The Bookworm is a reminder of home. A place were you can drink coffee and indulge in books, many many books. I love reading, I love books...I do not like kindles or ipads or computers for reading. Everyone tried to convince me to get a kindle before I went back to China, my mother even offered to buy me one. But I refused! Why do we need kindles to read, have we become so lazy that the effort to carry a book is too much for us these days. I left Ireland with nine books, I have read most of them...Jordan could not understand why I was wasting valuable luggage space on books when I could have taken several boxes of chocolate and percy pigs but I was persistent and I was rewarded. I love holding a book, turning the pages, the smell of the paper and not worrying if I spill coffee that it will stop working. A co-worker of mine argued with me that a kindle was the best invention ever. He had hundreds of books available to him at the touch of a button, however when I asked him what book he was reading he did not know as he could not look at the front cover. Alas I won the arguement because when you have a book in your hand at least you know what your reading. Thus the Bookworm situated in Building 4, Nan Sanlitun Road, Chao Yang District, Beijing, has everything I need. You can buy brand new books or join their library system which is great. For 200yuan, (20 pounds) I became a member and I can take out two books at any time, there is no fines if you return them late and there are hundreds of books to choose from. There is a great restaurant and coffee shop, supplying you with lovely delights as you read or watch the world go by. They have Book Festivals, film screenings, quizzes, interesting talks and much more. But it is the access to books which is most important. In China it is hard to get books, don't get me wrong you can buy books but they are expensive and often there is only a few to choose from. What is so pleasant about the books in the Bookworm is that all these books have come from different countries, they were owned by travellers or expats, they all have a history. It is like lifting a book in a hostel and finding someones travel notes, a message from a family member or simply a name and date. Books are important to me, they take you on adventures and therefore I cannot replace them with a kindle...no matter how heavy they may be!

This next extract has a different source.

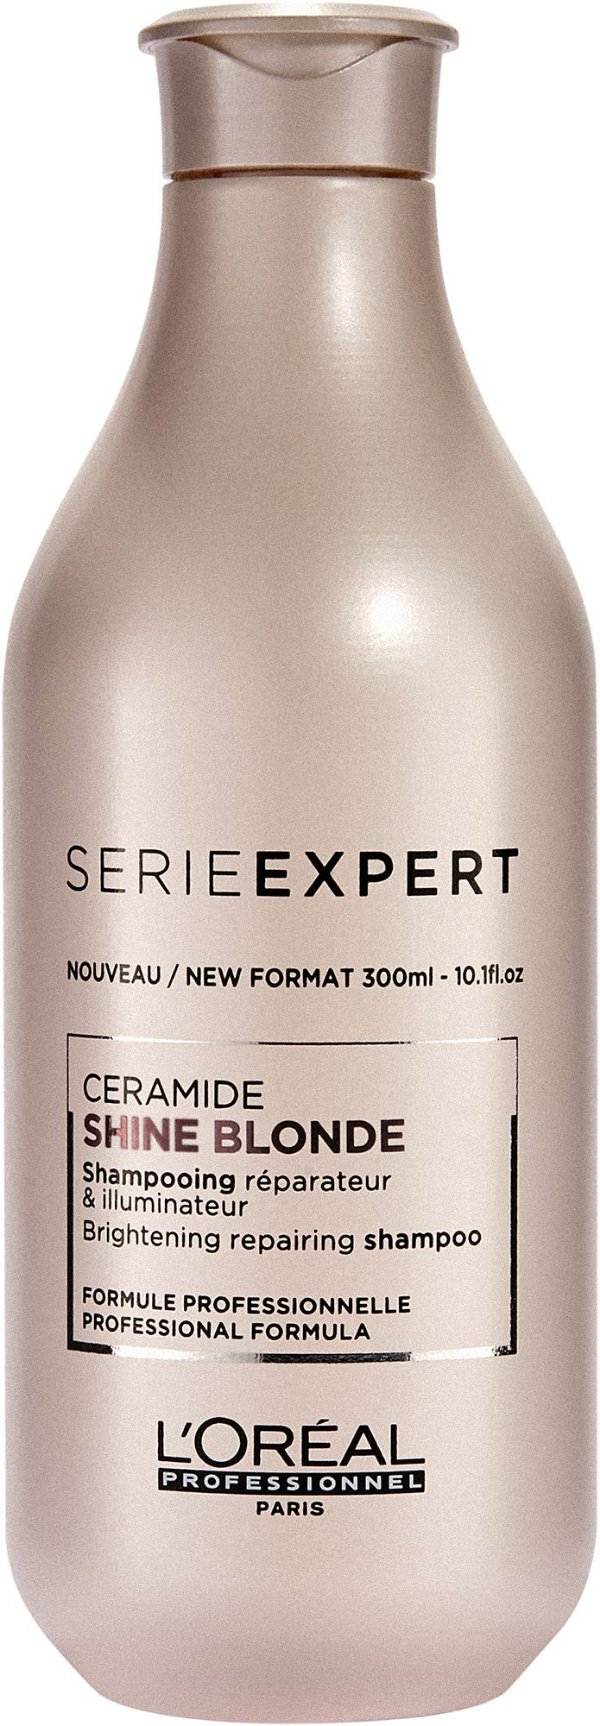 L'Oréal Professionnel Shine Blonde - Shampoo 300ml
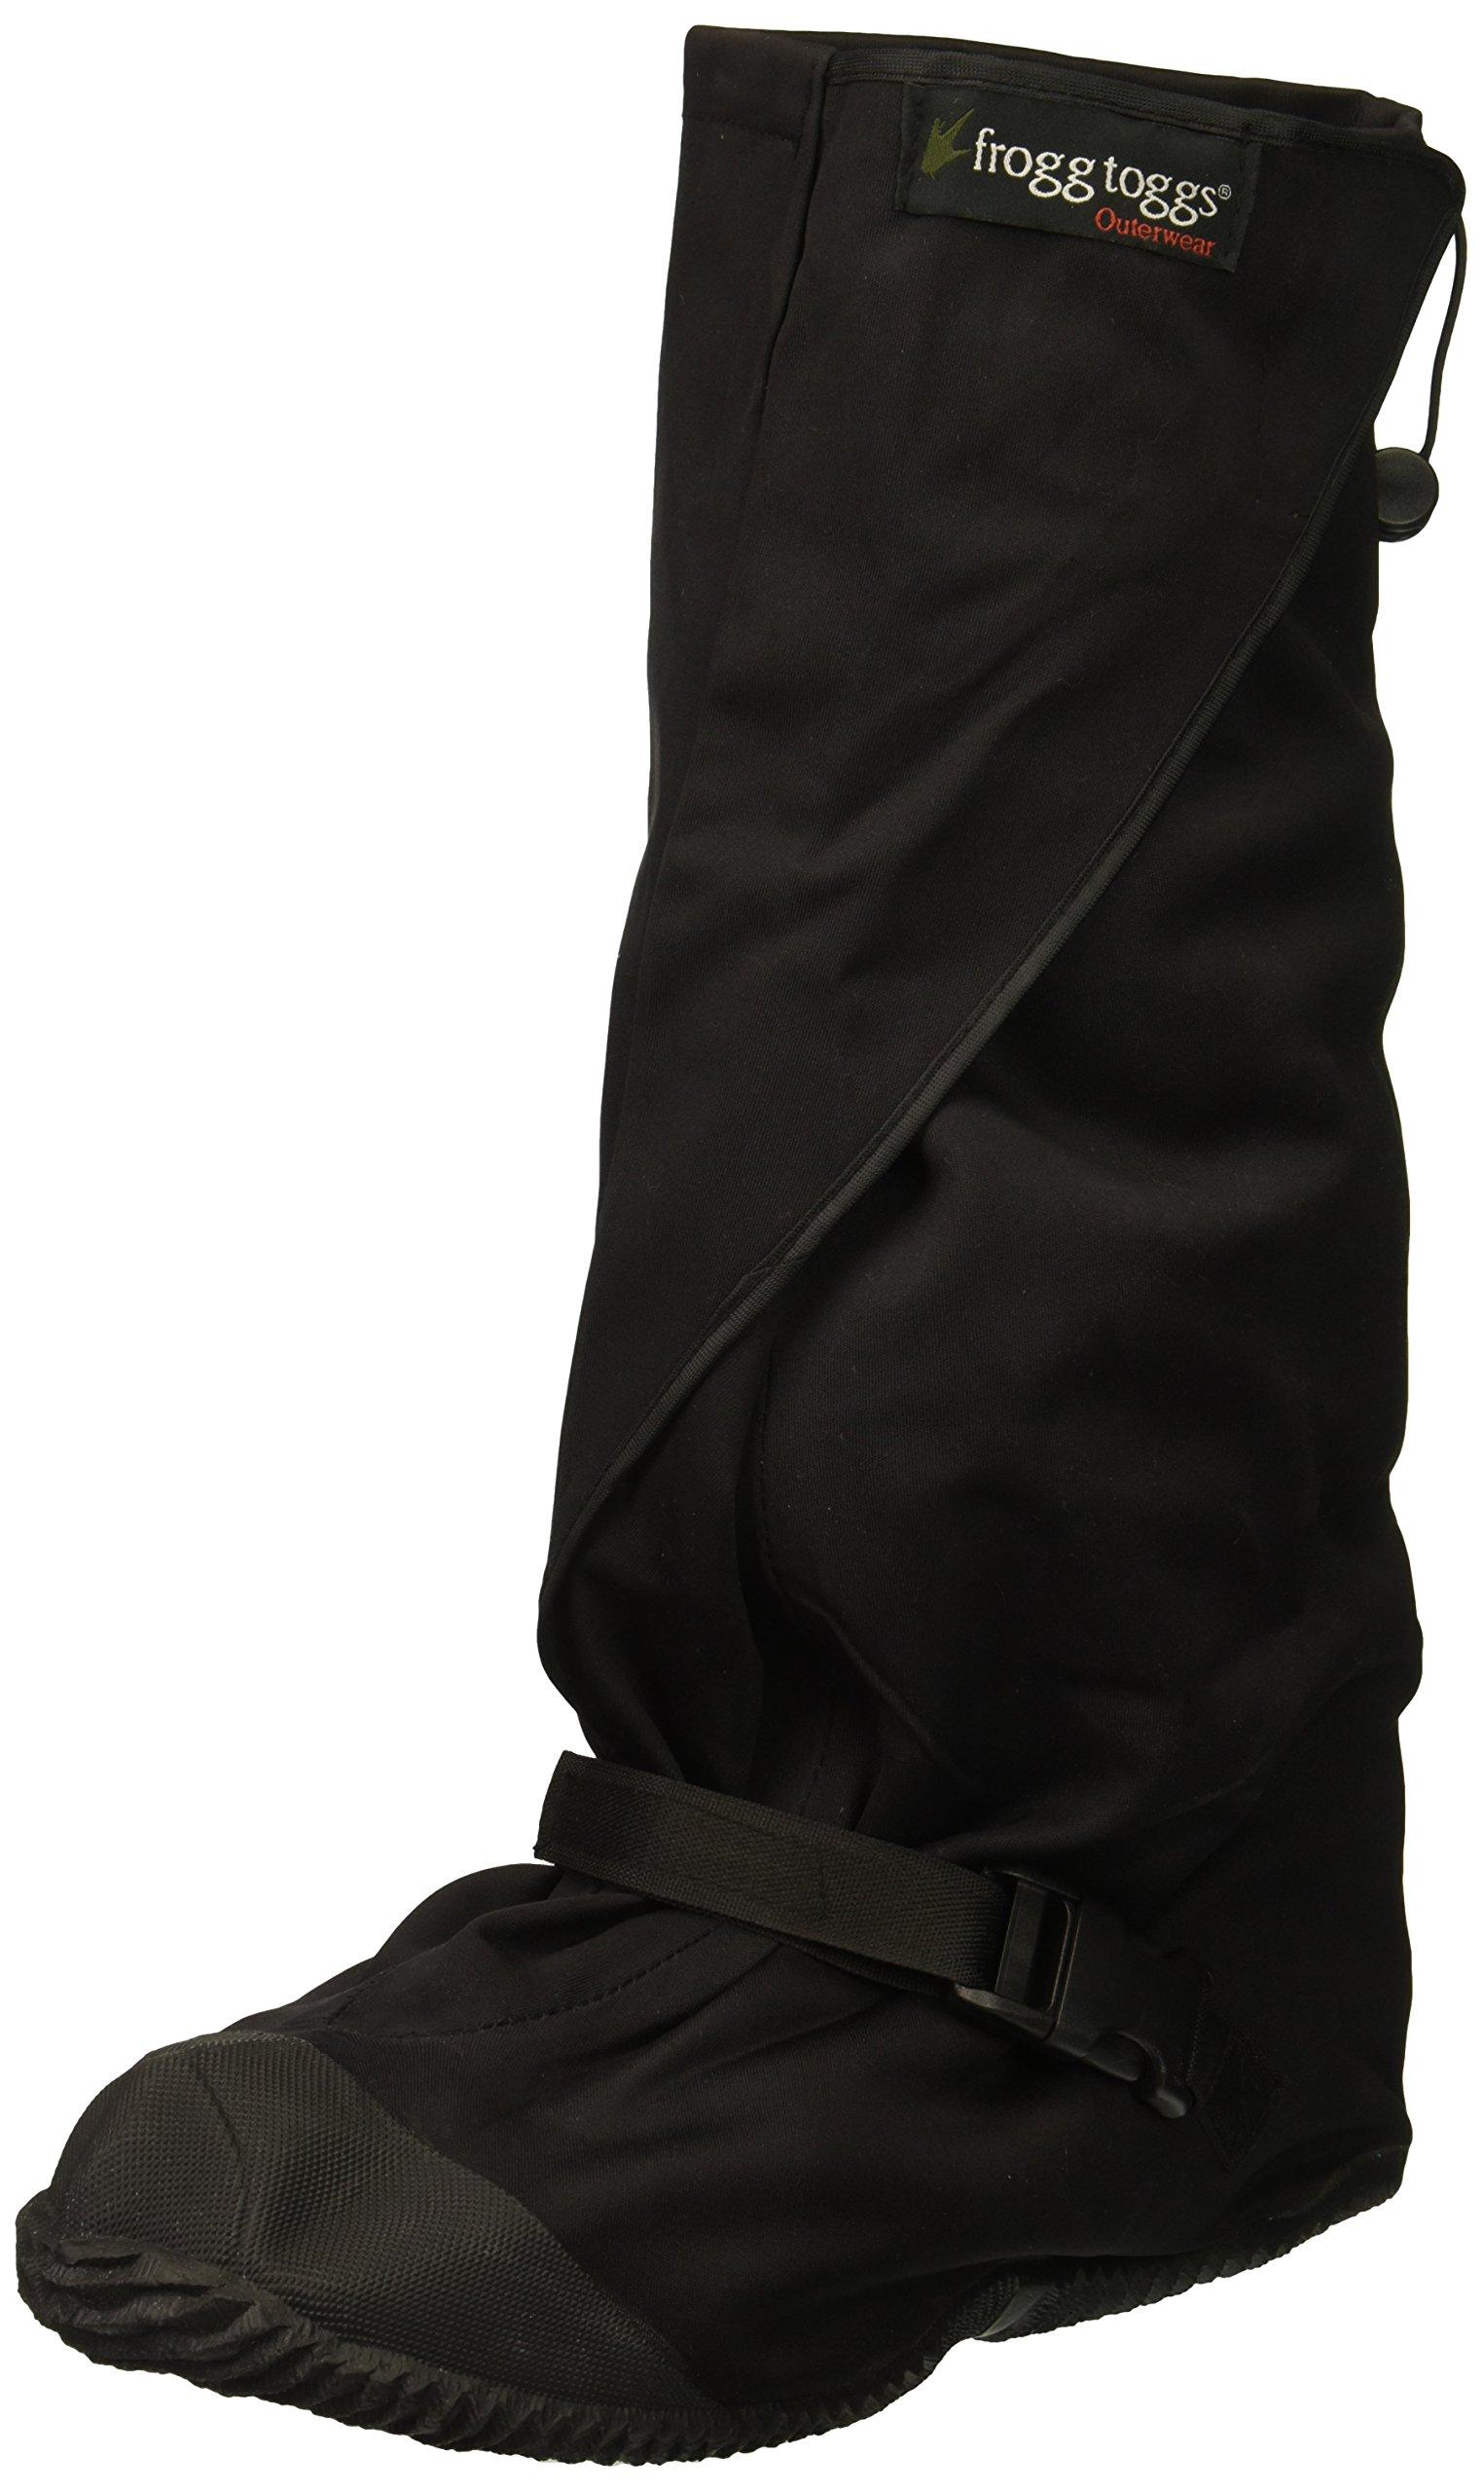 Frogg Toggs Unisex-Adult Frogg Leggs Over-Boot Leggings (Black, Small/Medium)

Badachu Park is in the wild west of Beijing. From were we live at Bajiao Subway stop we can take the 598 bus the whole way there. We have been there twice since moving to Beijing, the first was part of a team building exercise with school and the second was just to get out of the city. Badachu is still being redeveloped, temples are being built or restored and the pathways are still being formed. Yet once you get past the diggers and food stalls you trek up a few hundred steps to get to the top. The view of west Beijing is great, we can see our flats, were we shop, were we eat and the road we take to work. On a really clear day I'm sure you can see most of Beijing, but clear days are few and far between. On the way down you can take the mountain path, a little more exciting and rewarding, especially if like me you grew up surrounded by parks and mountains. I'm not a fan of bugs, of any kind and was terrified by the huge grasshoppers that kept jumping across the path, Jordan found it hilarious as I ran through the branches whimpering to myself. We made it out without being eaten by giant grasshoppers, however I, as per usual, got several mosquito bites! There is a slide that you can take down the mountain, which is pretty exciting. You can buy wooden sticks from a little old man at the top, which you use to hit yourself with....it's not as crazy as it sounds! There is horse riding and no doubt other activities hidden within the park to keep you happy for a whole day. Badachu Park isn't a place visited by many tourists but if you live in Shijingshan it's a great place to head to for a good walk and some bug viewing!